START Recorded information

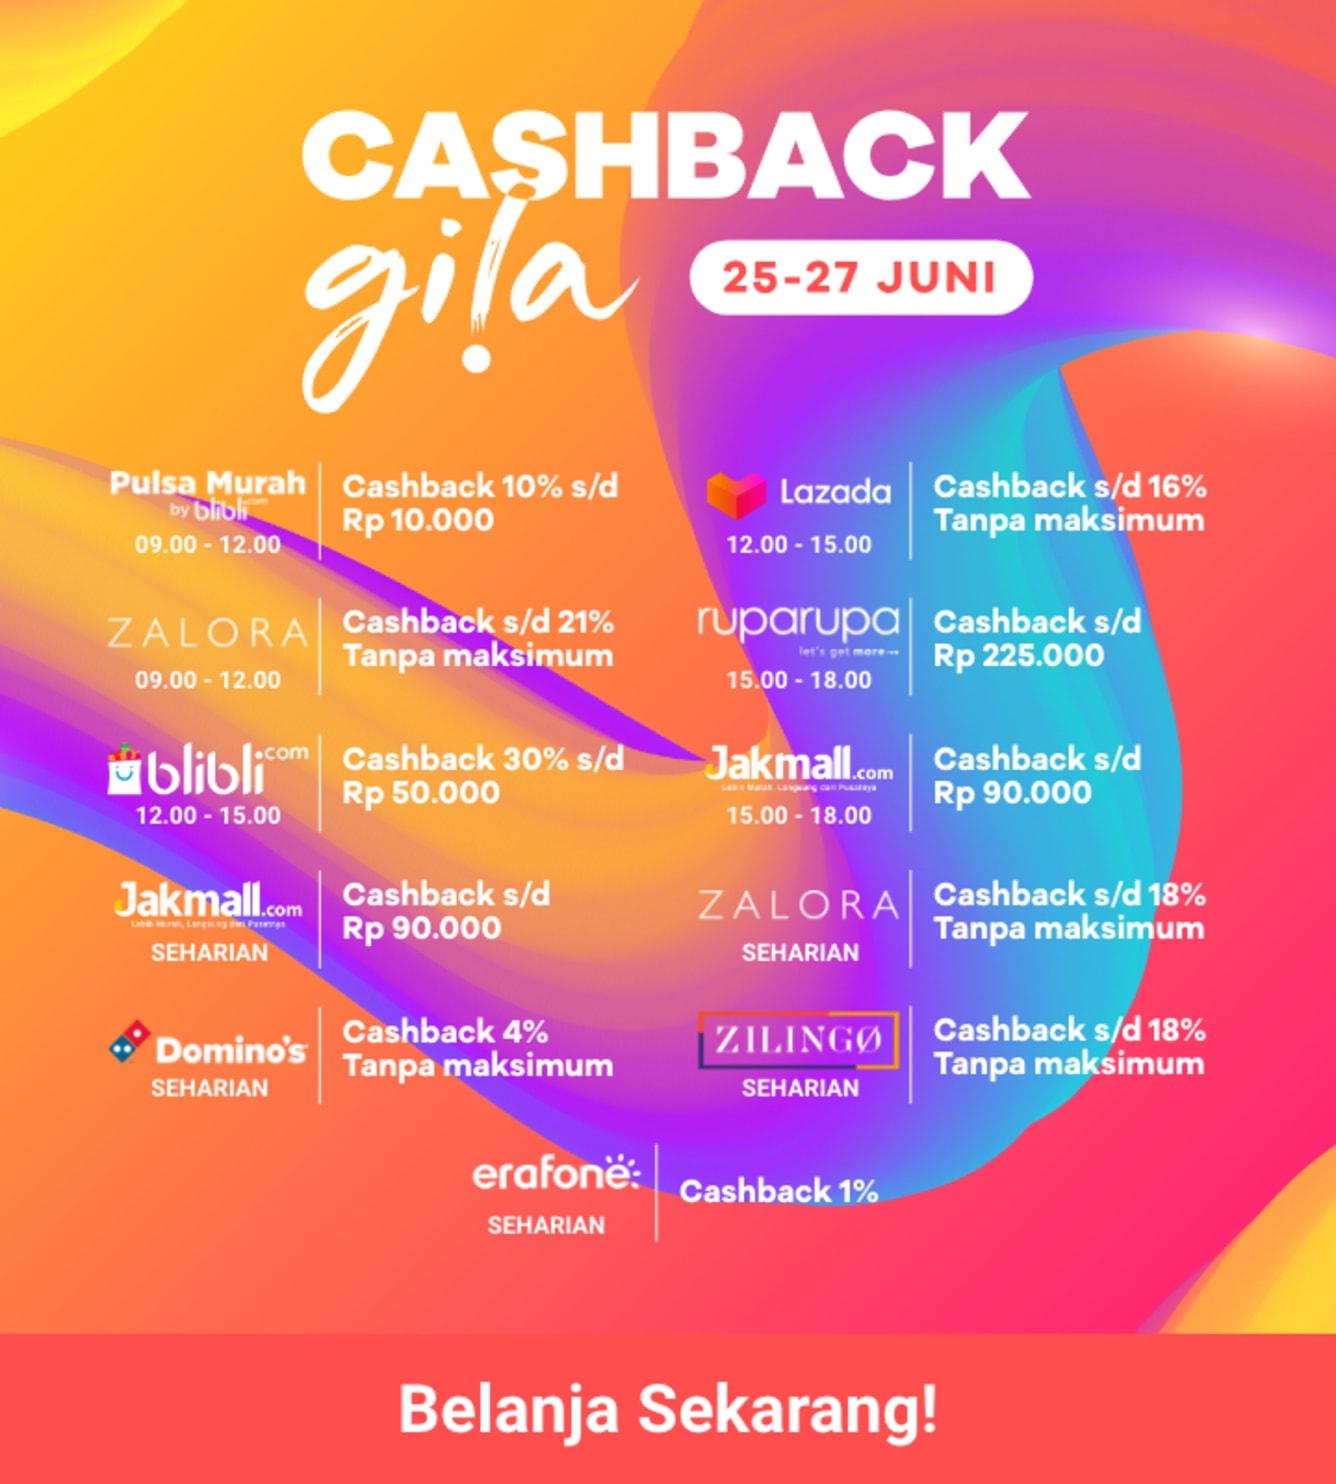 Week 26 - Schedule Cashback Gila
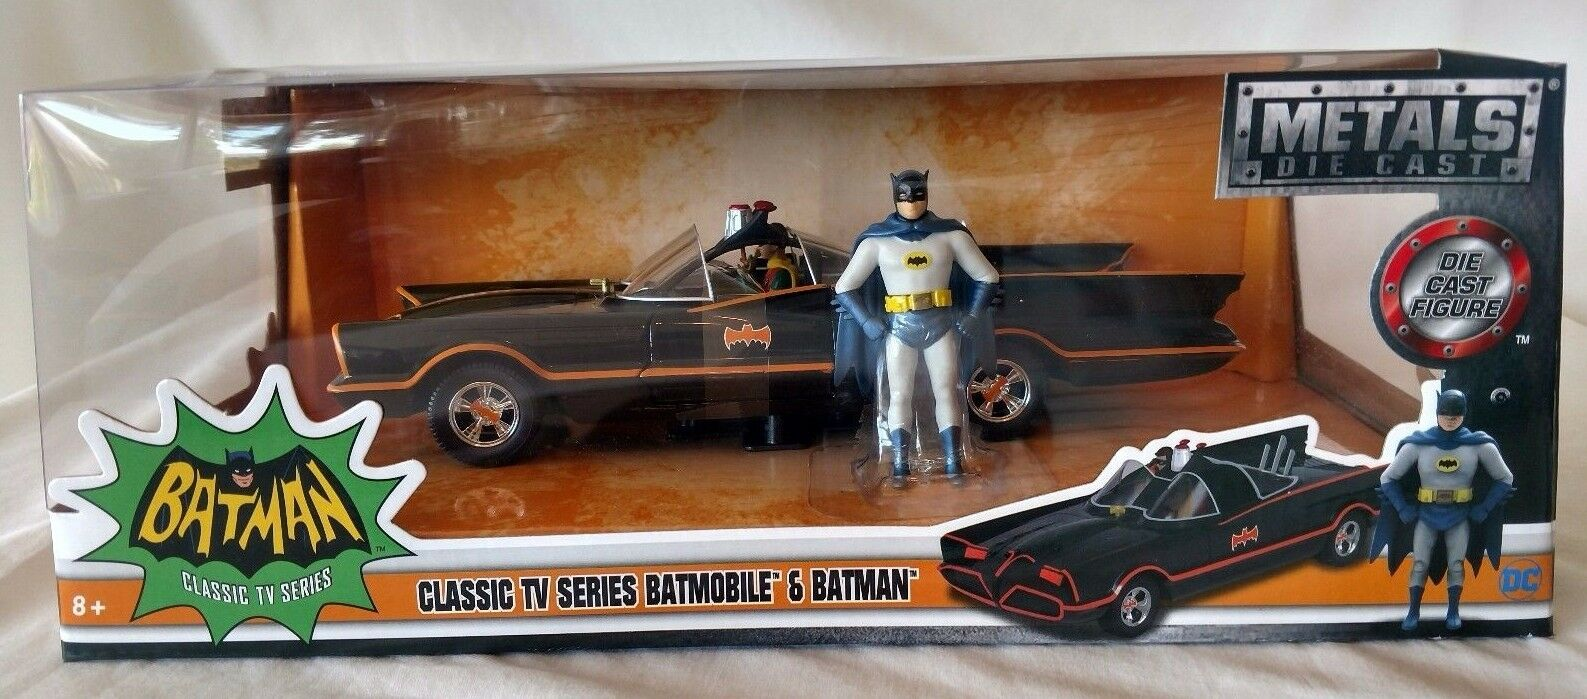 JADA TOYS BATMAN CLASSIC TV SERIES 1966 BATMAN & BATMOBILE 2016
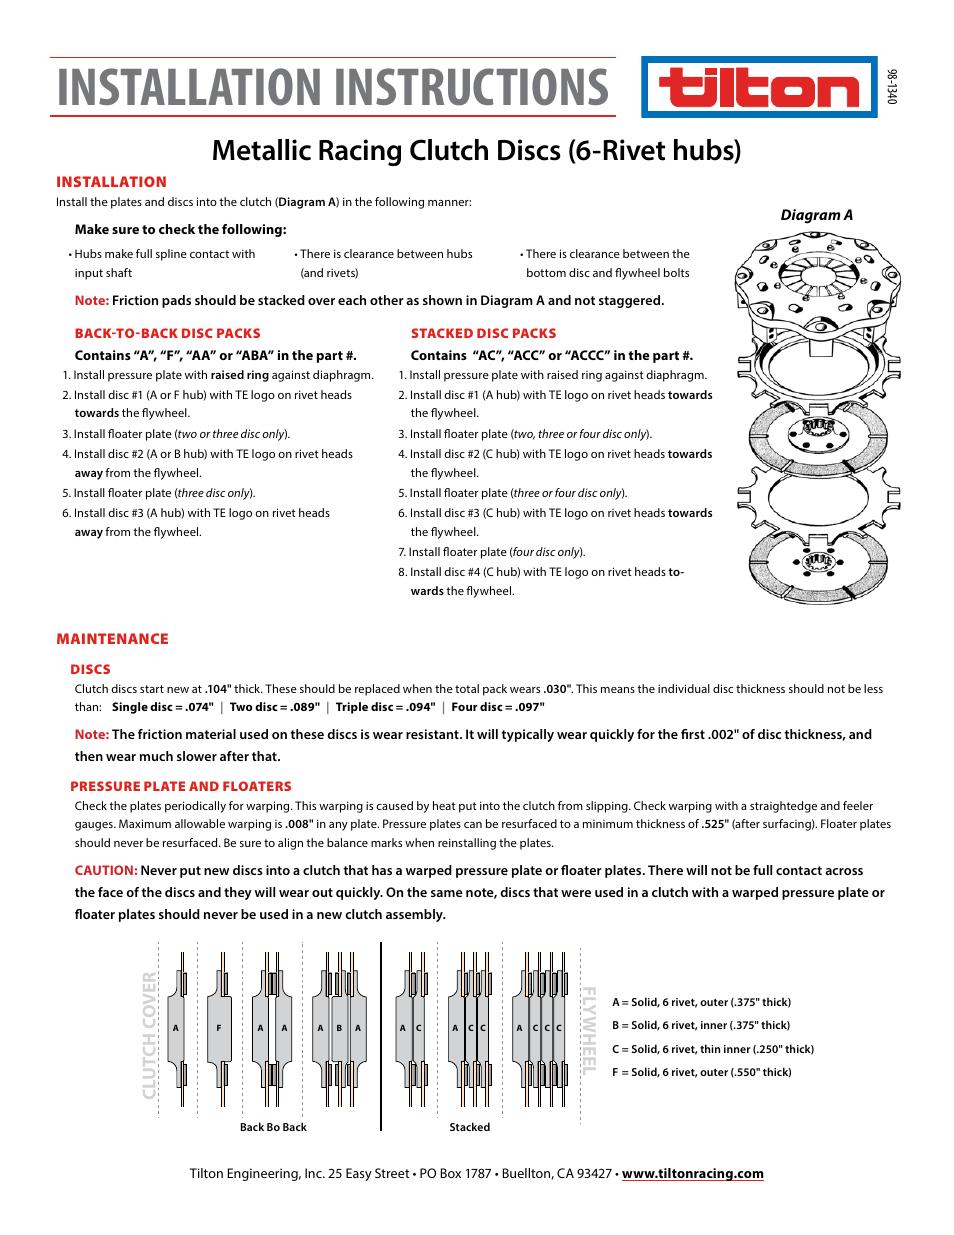 Tilton 6 Rivet Metallic Discs 98 1340 User Manual 1 Page Back Disc Diagram
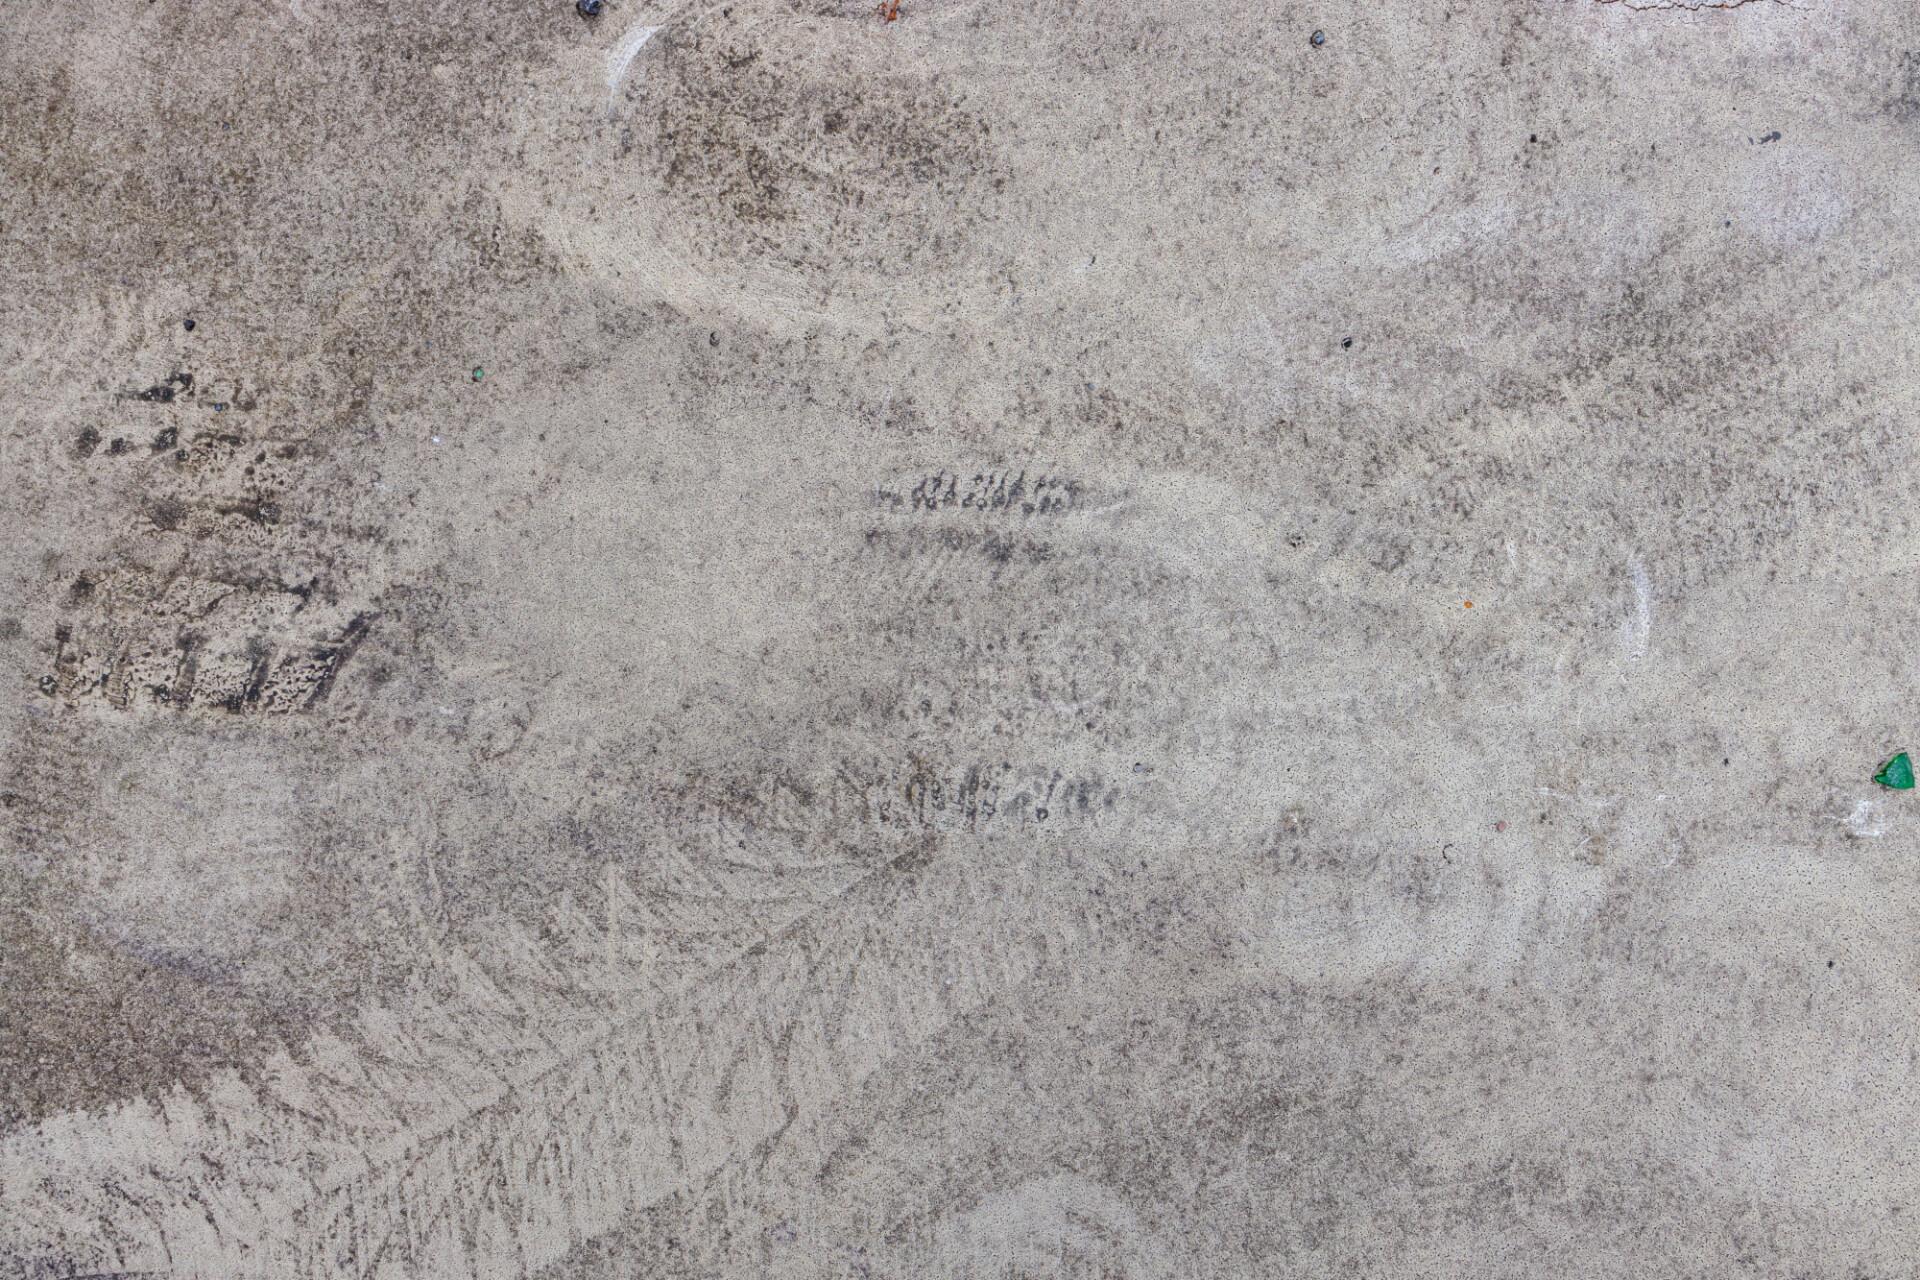 Concrete floor texture with car tyre tracks

END Recorded information

== Required action ==
Please return the listing above exactly and leave every picture out.

== Answer to the exercise ==
 Week 26 - Schedule Cashback Gila
 JADA TOYS BATMAN CLASSIC TV SERIES 1966 BATMAN & BATMOBILE 2016
 Tilton 6 Rivet Metallic Discs 98 1340 User Manual 1 Page Back Disc Diagram
 Concrete floor texture with car tyre tracks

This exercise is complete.